Facebook: still the dominant channel for social media in .edus according to CASE/mStoner/Slover Linett Survey of Social Media in Advancement 2012. But there are challenges to relying on Facebook.

ROI: There are simple metrics we can get — reach, comments, shares, likes, etc — but because of Facebook’s one-page-fits-all model, it remains a challenge to tie them to concrete business goals. Posts have a short tail; compare that to your website or blog (on mStoner’s blog, several of our posts from 2009 are among the most accessed today): Facebook posts get half their reach within 30 minutes of publication [www.marketingcharts.com/wp/direct/facebook-posts-get-half-their-reach-within-30-minutes-of-being-published-24453/]
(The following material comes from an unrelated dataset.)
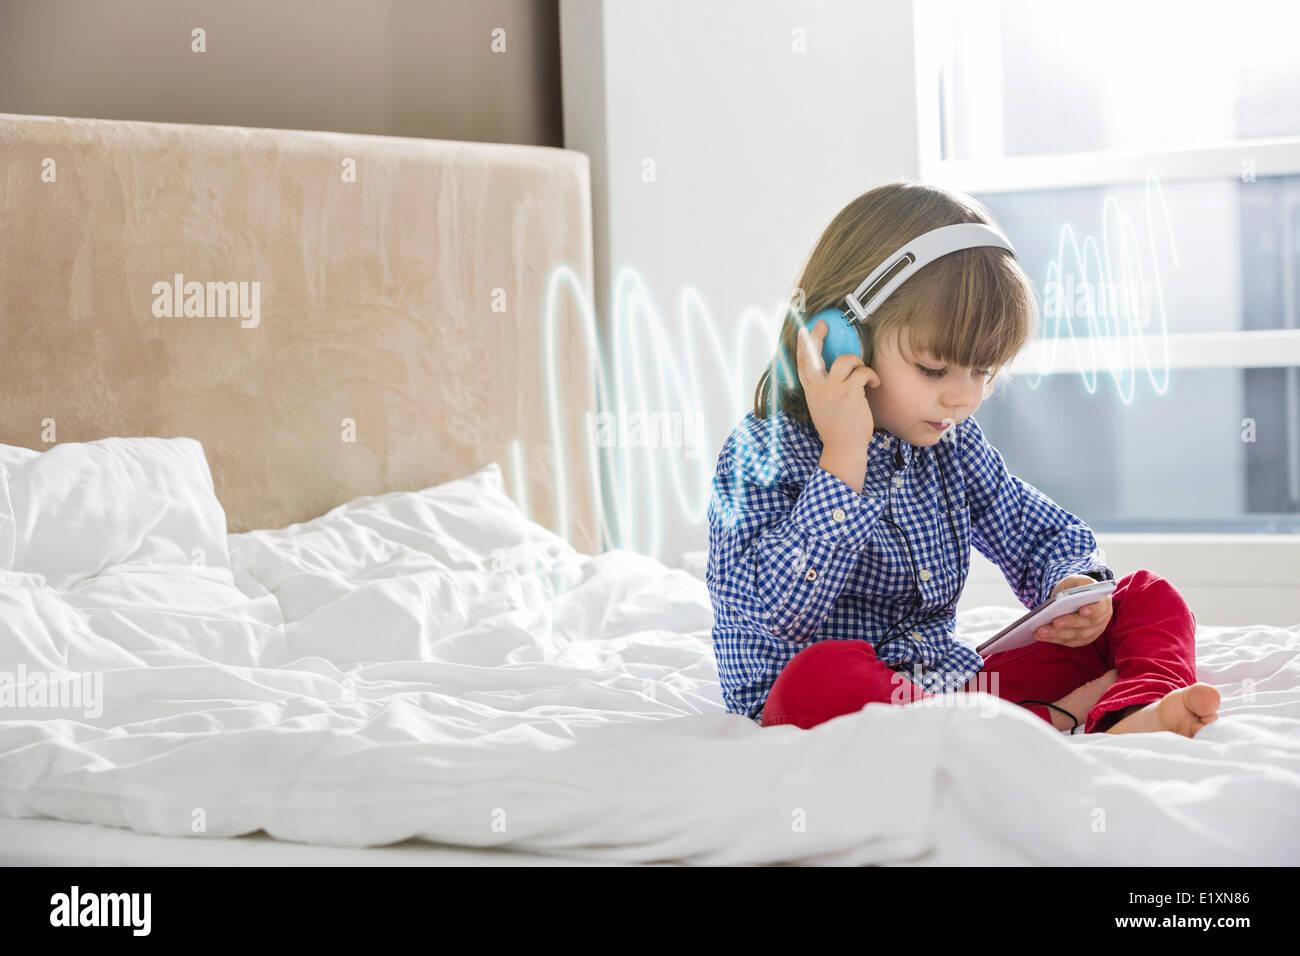 Full length of boy listening music through headphones on bed - Stock Image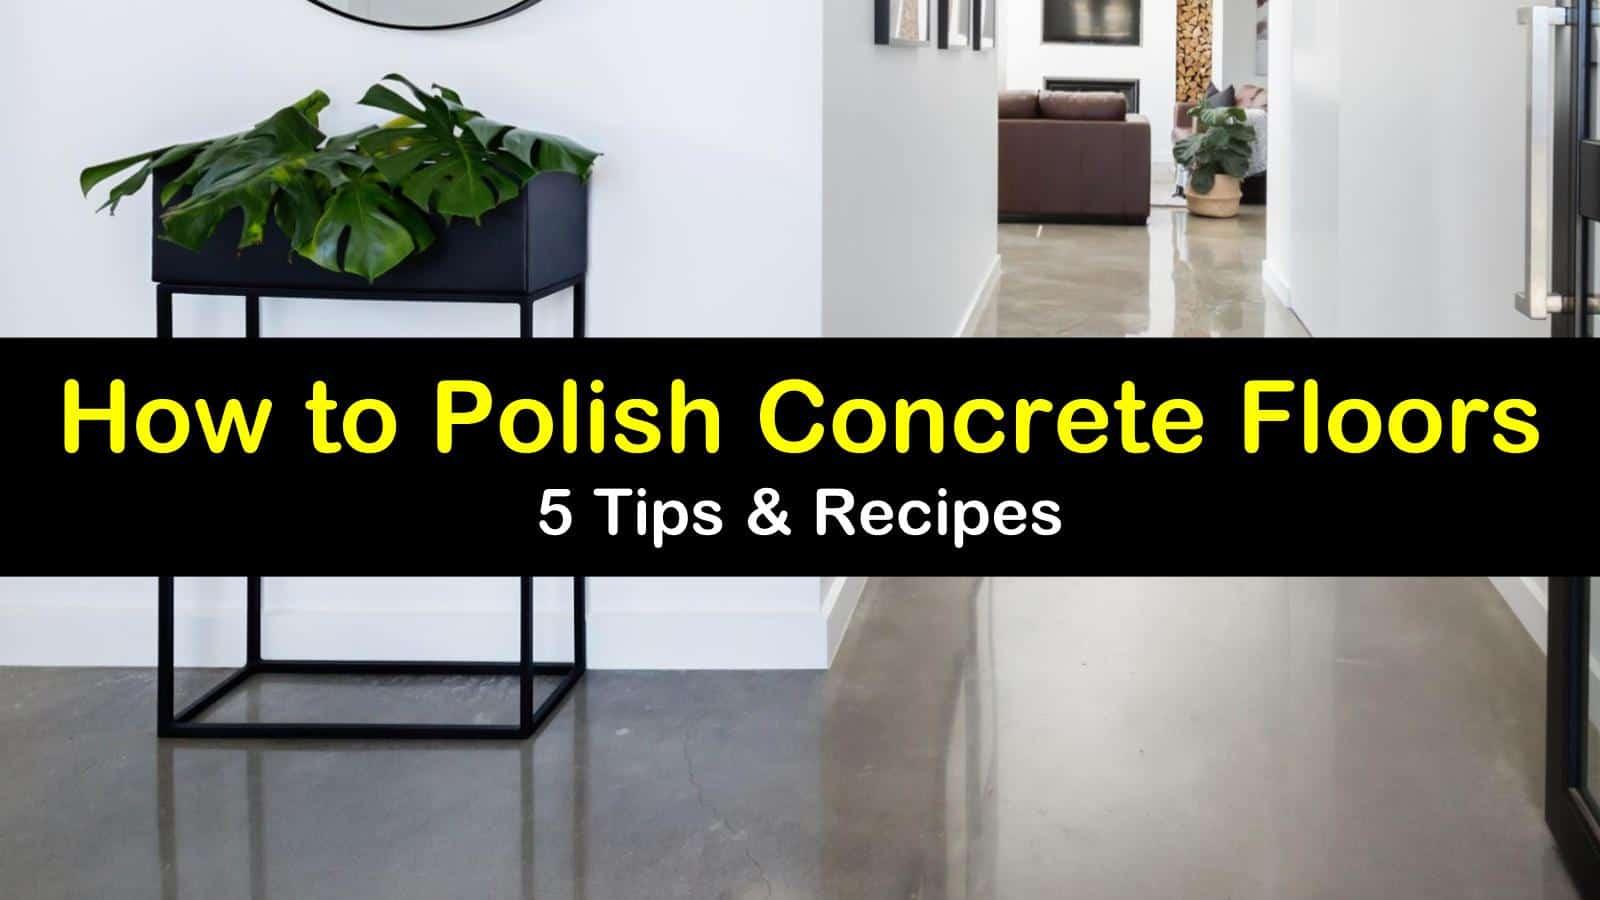 How To Polish Concrete Floors 5 Tips

Engagement fatigue: Michael Stoner, mstnr.me/Ux1CLI; Facebook Usage Declining: mstnr.me/PXzkya

Underfunding in .edu for social media: Chief Marketing Officers of 249 U.S. companies in August 2012 said they would increase current spending on social media from 7.6 percent of their overall marketing budget to 10.7 percent over the next 12 months. They expected to see that number rise to 18.8 percent in the next five years, according to a survey from Duke’s Fuqua School of Business. Is your institution keeping pace? [Moorman, Christine, and T. Austin Finch. The CMO Survey. Duke University, Aug. 2012. Web. <http://cmosurvey.org/files/2012/08/The_CMO_Survey_Highlights_and_Insights_August-2012-Final.pdf>]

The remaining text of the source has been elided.